All the carriers look great, I need to find one too and i'm leaning towards the Pet Flys carriers...love the skull design.


----------



## sullysmum

There are some really beautiful bags here, thanks for showing them


----------



## lalaNlucky

the PET FLYS are worth the money! my dog LOVES being in hers, she doesn't whine at all or try to jump out, and if you leave them open on the floor they'll go lay in them as if it's a crate so they really feel like it's a place of their own!


----------



## Kristin

:twisted: :twisted: <----This is me being EXTREMELY jealous of all that fabulous bags on here! I want one sooo bad but I can't find anything that'll hold both the dogs. I can't take one and leave one now that they both understand "Hey, he/she is going and I'm not. What's the deal?" So, I'm lookin' for a big one that kinda conceals them both. Lina had one when she was a puppy but I sold it because she never used it. Boss has never been in one.


----------



## Blue Velvet Elvis

I love love LOVE the gold juicy bag! I also LOVE the pet car one


----------



## lalaNlucky

haha the petcar is so qt/funny, I think i've seen that somewhere before!


----------



## ChioxerMomma

Here is mine I just ordered it from ABC Its doesnt have headflap but it has rollers. Also here is a drinking bowl i though you guys would like its from collection.com i think everything is 15 dollars.


----------



## lecohen

lol... :lol: :lol: :lol: :lol: :lol: 


Sorry but drinking bowl? I see a pic of a toilet? 

:lol: :lol: :lol: :lol:


----------



## my3angels




----------



## Rubyfox

LOL Look how teent weeny Ginger looks..


----------



## Blue Velvet Elvis




----------



## sullysmum

cute


----------



## Blue Velvet Elvis

I found it on ebay.... but since my dogs drink in bowls in my kitchen... well not for us lol 

http://cgi.ebay.com/TOILET-SHAPED-D...ryZ20747QQssPageNameZWDVWQQrdZ1QQcmdZViewItem


----------



## lalaNlucky

hahah could you imagine having people over for dinner with a toilete in the kitchen LOL...
"its not what it looks like, its the dogs water bowl"
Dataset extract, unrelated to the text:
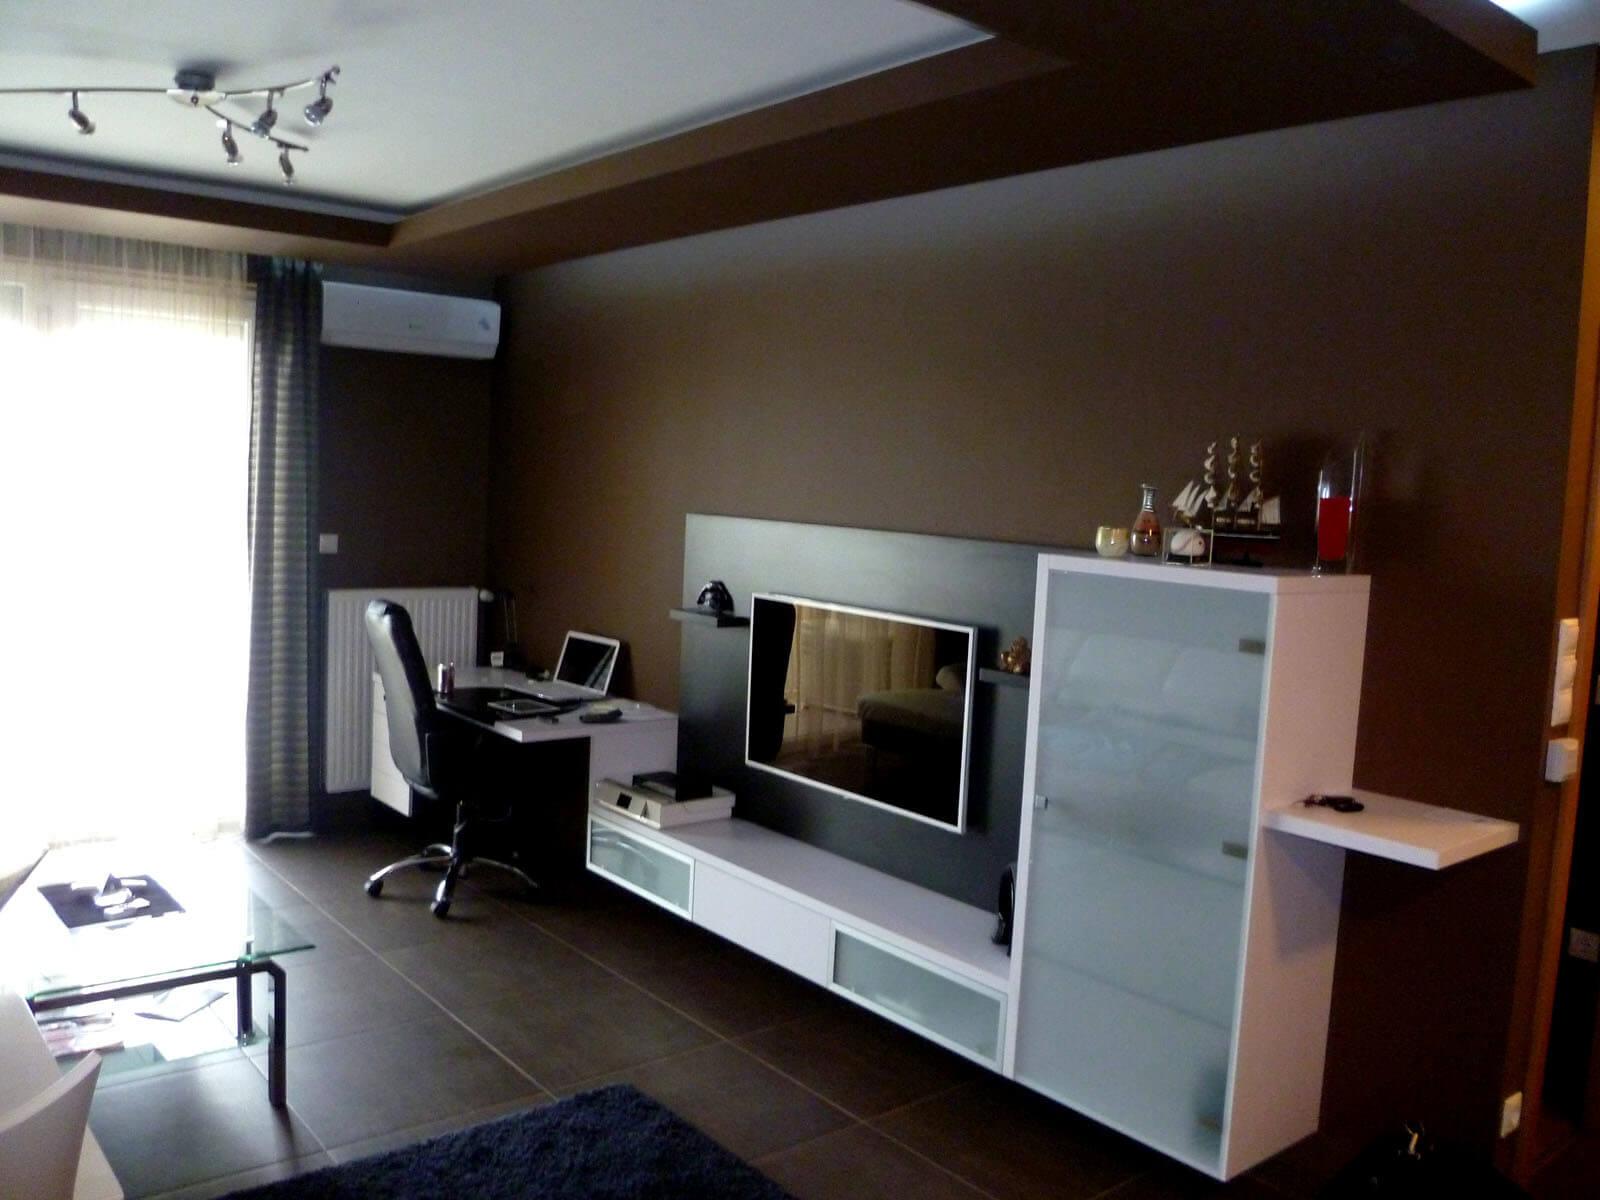 Egyedi nappali tv bútor készítés fehér színben, lebegő kivitelben

my3angels- your dogs are SO adorable!


----------



## lalaNlucky

FINALLY LALA & HER PET FLYS CARRIER


----------



## Katie

awwww! too cute! how does she like it so far?


----------



## ngtah00

i love the petflys carrier. thinking about getting another soon!


----------



## ~Jessie~

Me too, I really really want one as well!


----------



## lalaNlucky

she LOVES it, she doesnt whine while shes in it in the car etc, i buckle her in and un zip it a bit and she just lays there completely content & with her other carriers she gets anxious etc, i think she feels like its more of a place of her own & not some bag i throw her in..
+ i leave it open all day too for her to crawl in.


----------



## Blue Velvet Elvis

I want the pet flys one with the pirate skull on it  

Lala looks like a diva with a capital D in that :wink:


----------



## Hello.Kittie

Yes, shes really really pretty. 

I want the same bag as Sylvia (Blue Velvet Elvis)


----------



## Jill

Lala is absolutely ADORABLE...perfect in pink!!! What a little angel!
Jill


----------



## lalaNlucky

aw thanks you all!! 
LaLa says thanks too!


----------



## lalaNlucky

bump!

i wanna see more carriers, for the people who may have not been on during the weekend etc


----------



## Katie

me too! :wave:


----------



## TareG

I actually just bought Halle this carrier over the weekend 









And I don't have any pics of her in it yet, but I wanted to let you all know that she LOVES it!!!! She even crawls into it on her own to take naps, so there must be something special about it! And to think it was only 30 bucks at PetSmart! lol


----------



## lalaNlucky

aw thats adorable!!


----------



## Katie

cute carrier and what a deal! it looks a lot more expensive


----------



## sullysmum

Thats a really nice carrier!


----------



## lalaNlucky

i saw it at petsmart today, suppper cute!!


----------



## TareG

i love my cheese said:


> cute carrier and what a deal! it looks a lot more expensive


yeah that's why I couldn't resist. It has a great quality, but is super cheap and definately built for comfort!


----------



## Blue Velvet Elvis

I want to either buy this one... sac chien 50 by Louis Vitton 









or this one 








but I don't think a little blue dog would look good sticking out of a place for a little brown dog and the ebay listing said her dog jumped out of the hole. 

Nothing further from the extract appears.